If the companion has a larger mass and/or a shorter distance to the star, the measured Doppler shift and therefore the measured speed of the star toward the observer is larger. Specially developed spectrographs on large ground-based telescopes such as HARPS on the 3.6 m telescope at the ESO observatory in La Silla, Chile, can measure speeds of stars toward our direction accurately up to 1 m/s or 3.6 km/h.
Using this method one can determine not only the orbital period of the planet around the star but in particular the mass of the planet. However, since this method only measures the proportion of the speed of the star in our direction and the orbital inclination of the orbit relative to our line of sight is not known, only a lower limit on the mass (m * sin i) may be determined.
However, higher inclinations can be excluded if a transit is visible in the corresponding light curve.
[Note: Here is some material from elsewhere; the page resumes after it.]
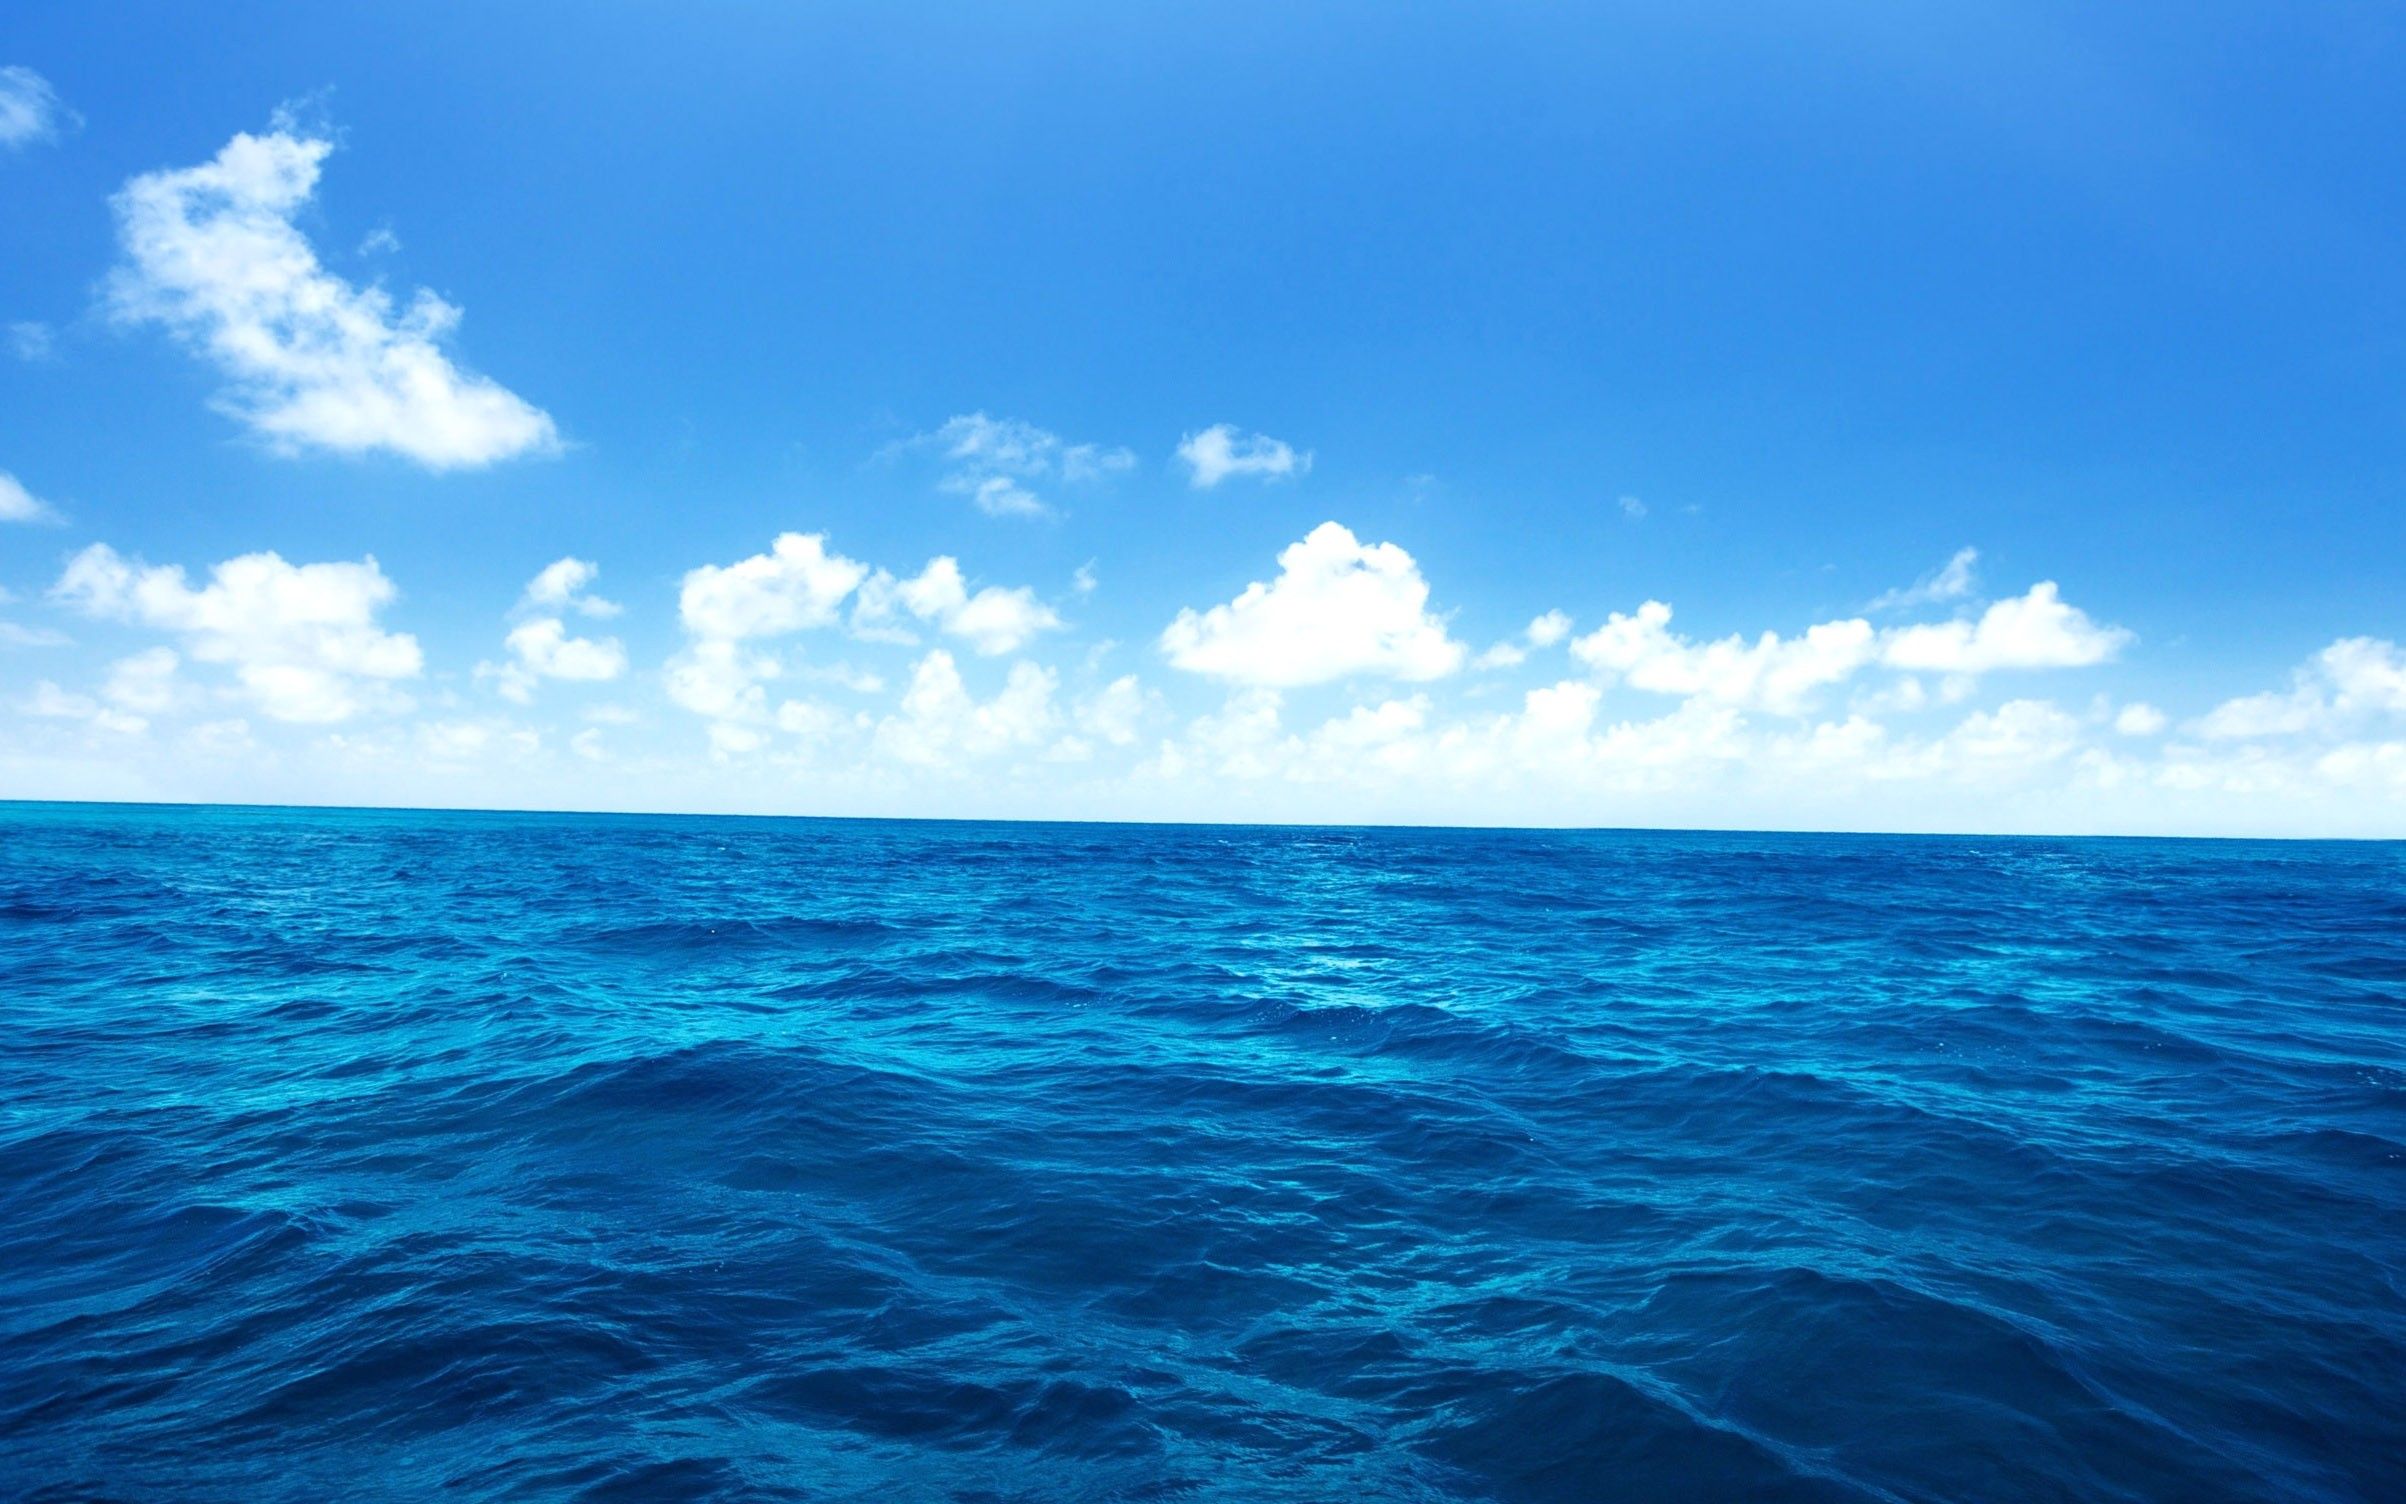 Water, Sea, HD Sea Wallpaper, Ocean, Summer, Sky, Fresh Air, Holiday, Widescreen, Free, 2406x1504

That way combining the radial velocity method and the transit method limits the inclination of the transit and the accurate mass can be determined.
One can ultimately calculate the density of the planet using the transit method to determine the radius of the planet and the radial velocity method to determine the mass of the planet. With this information the composition of the planet (gas planet, rocky planet) can be determined
Combining both methods allows a complete characterization of the planet and hence the physical evidence by using two independent measurement techniques.